Update on Run Chart Rules
My API colleagues Lloyd Provost and Jerry Langley pointed me to a 2014 article by Anhøj and Olesen, “Run Charts Revisited: A Simulation Study of Run Chart Rules for Detection of Non-Random Variation in Health Care Processes” (PLOS One, http://dx.doi.org/10.1371/journal.pone.0113825).
Anhøj and Olesen look at the three run chart rules I reviewed in my post “Run Charts in Quality Improvement Work”, published 2 February 2015. They also offer useful guidance on run chart analysis as “Guidelines for Using and Interpreting Run Charts for Health Care Improvement.”
For the shift rule—number of consecutive values on one side of the median of a series of values—Anhøj and Olesen cite M. Schilling (2012), "The Surprising Predictability of Long Runs", Mathematics Magazine. 85, pp. 141–149 (available here). Schilling’s analysis leads to a simple formula for the number of consecutive values on one side of median that would be surprising, relative to series of independent realizations from a single probability distribution.
If you define n as the length of the original series, omitting any points that fall exactly on the median, the formula is: calculate log2(n) + 3 and then round to the nearest integer.
Using the simulation functions developed in R for my 2015 post, here’s the frequency of seeing 6, 7, 8 or 9 consecutive values on one side of a median for series of length n, n between 12 and 48.

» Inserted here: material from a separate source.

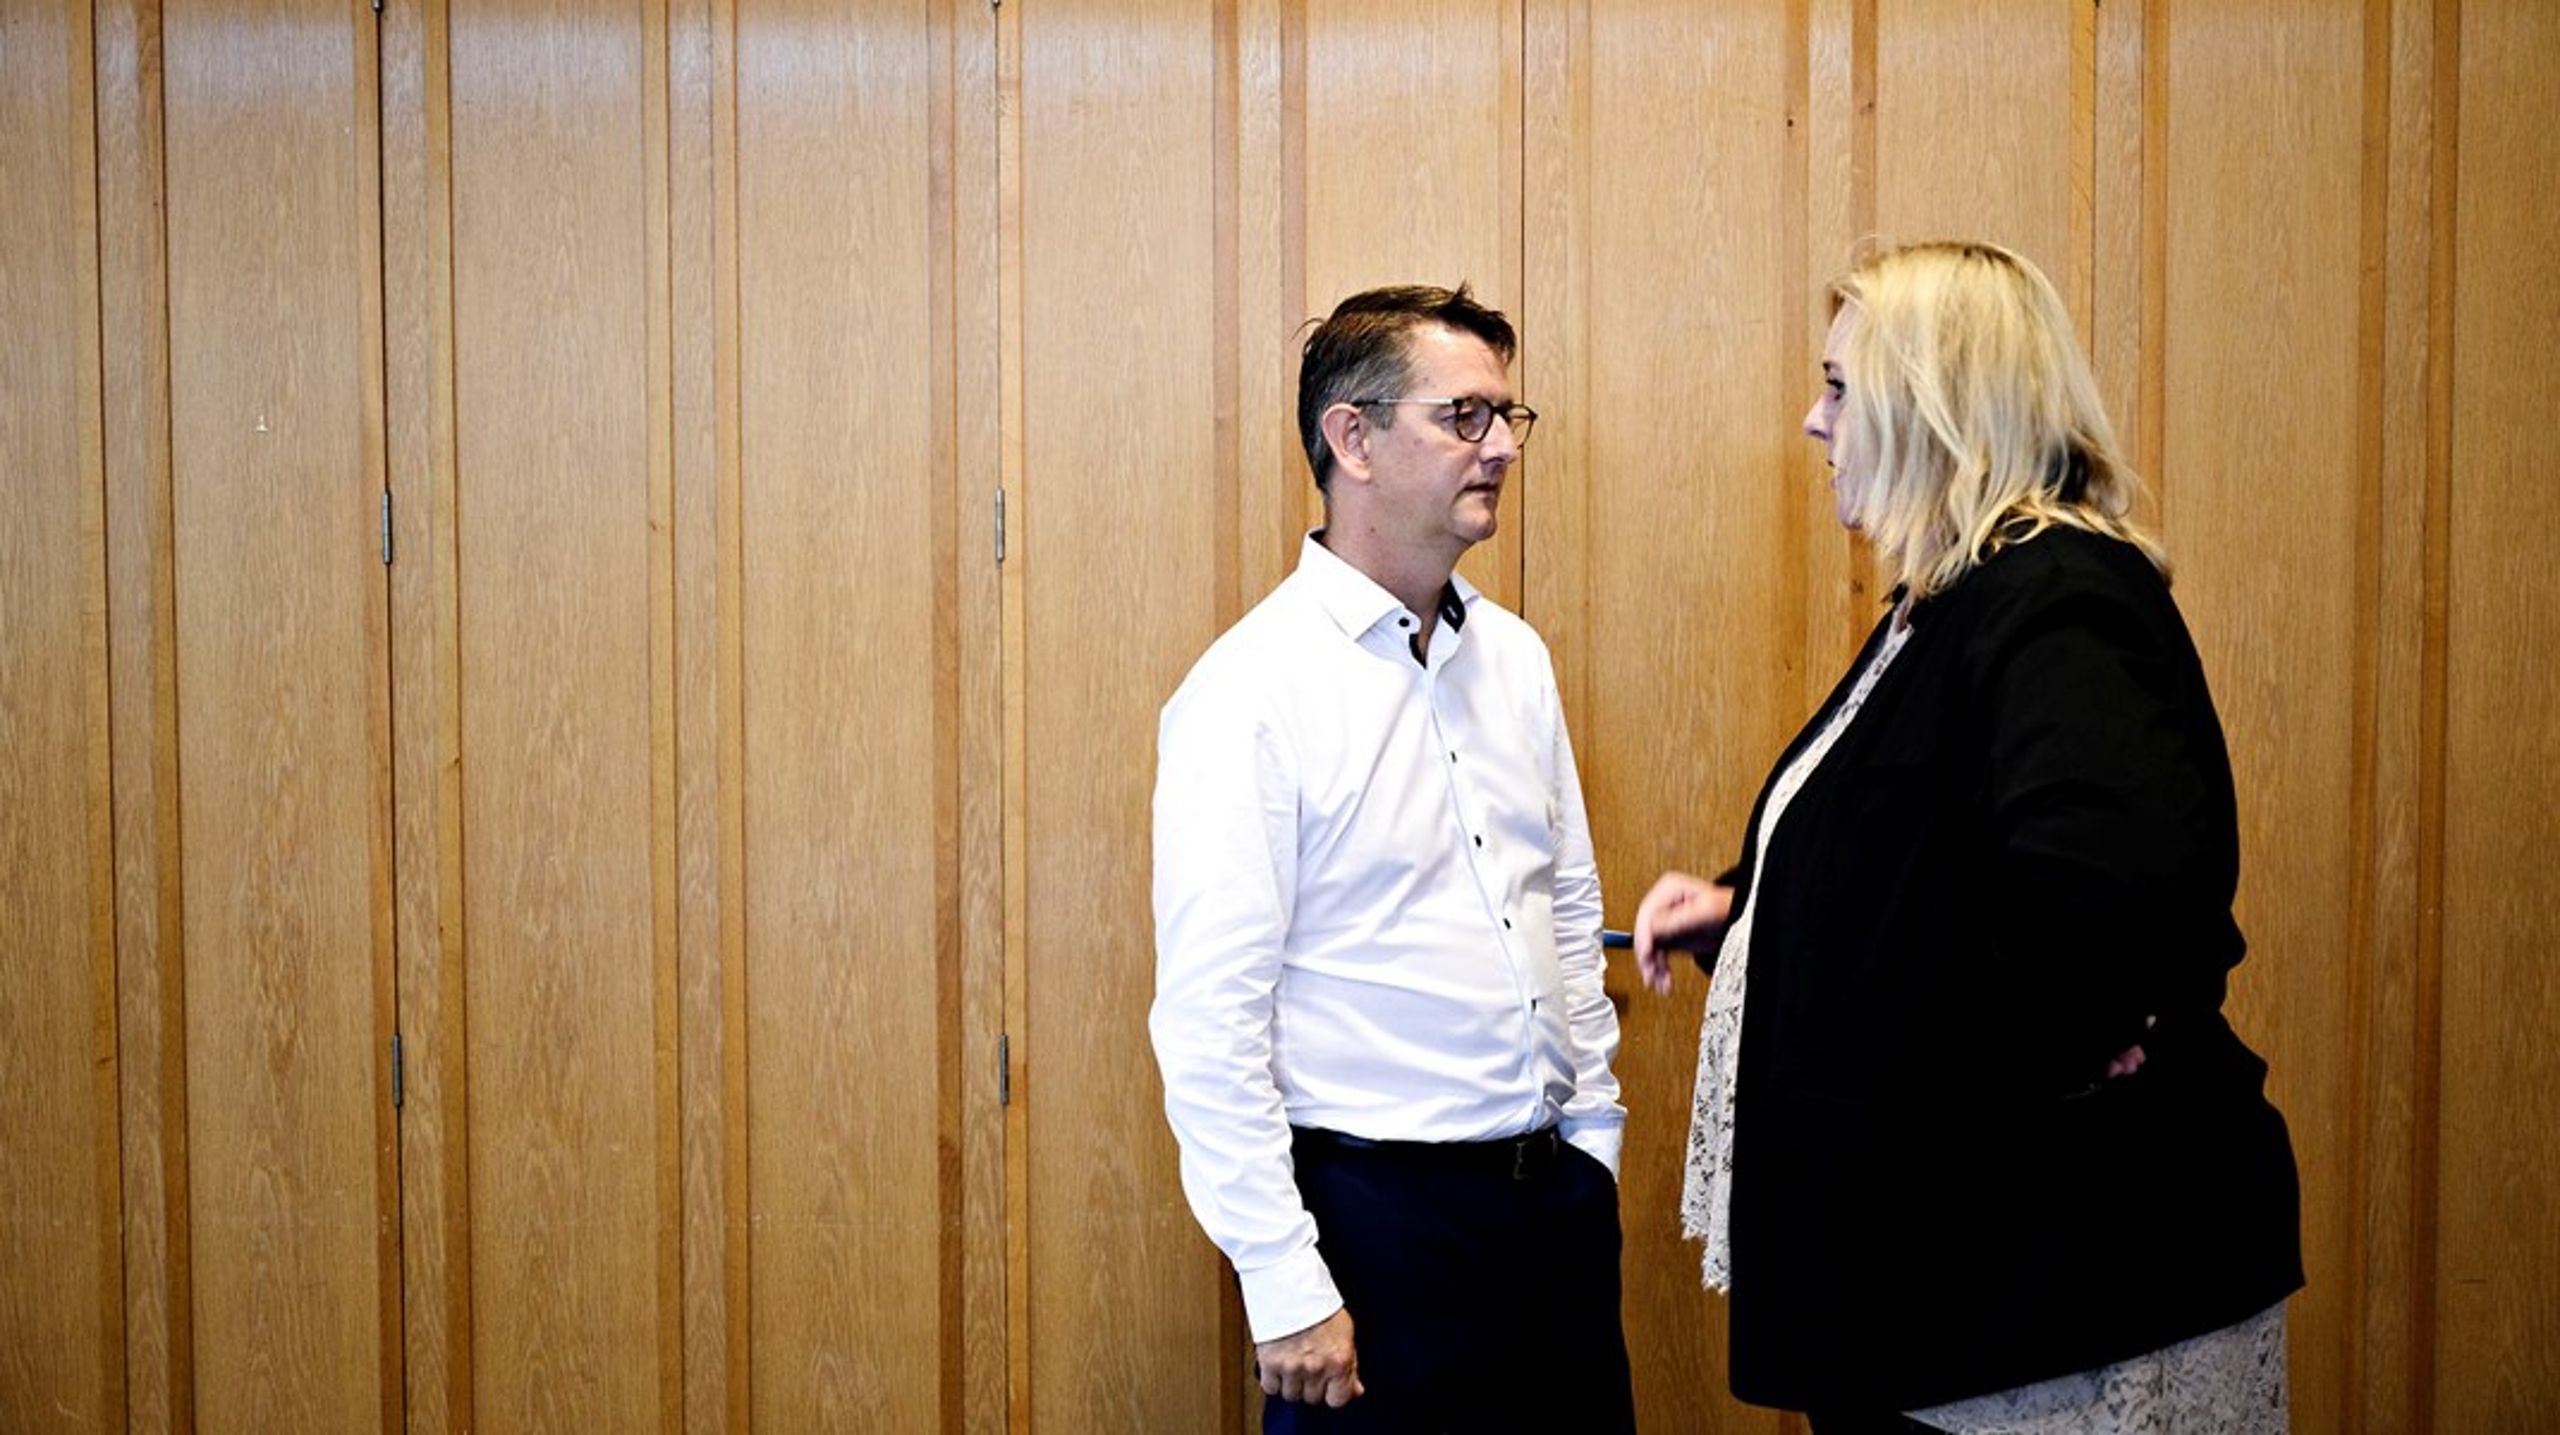 Både Torsten Schack Pedersen, erhvervsordfører for Venstre,&nbsp;og Konservatives erhvervsordfører, Mona Juul, stiller op ved det kommende folketingsvalg, der afholdes 1. november.&nbsp;

Go to this GitHub repository for the R Markdown file that will produce the table shown here.
Restricting run chart analysis to series lengths less than n=20, the table shows that the rule “shift of six consecutive values on one side of the median” proposed by Perla et al. (2011) is a reasonable rule of thumb when looking for confirmation of improvement in short series.
While the Anhøj and Olesen rule doesn’t make sense for a series of length 12--the longest shift on one side of the median is six consecutive values—it looks like a reasonable guide for run chart analysis if you can estimate the critical value, which depends on a base 2 logarithm. For the range of n in the table, just linearly interpolate between powers of 2. E.g. for a series of length n=22, 22 is less than halfway between 16 and 32, so the quick estimate critical value is log216 + 3 = 7. When length of the series is halfway or more to the next power of 2, use the higher power of 2: E.g. for n=48, 48 is halfway between 32 and 64, so the estimate of the critical value is log264 + 3 = 9.
On the other hand, as Lloyd Provost noted last year, for series longer than n=20, a control chart often can provide more insight than a run chart. You can augment the Shewhart “3 sigma rule” with a shift rule based on Anhøj and Olesen, as these authors suggest in the Guidelines section of their paper.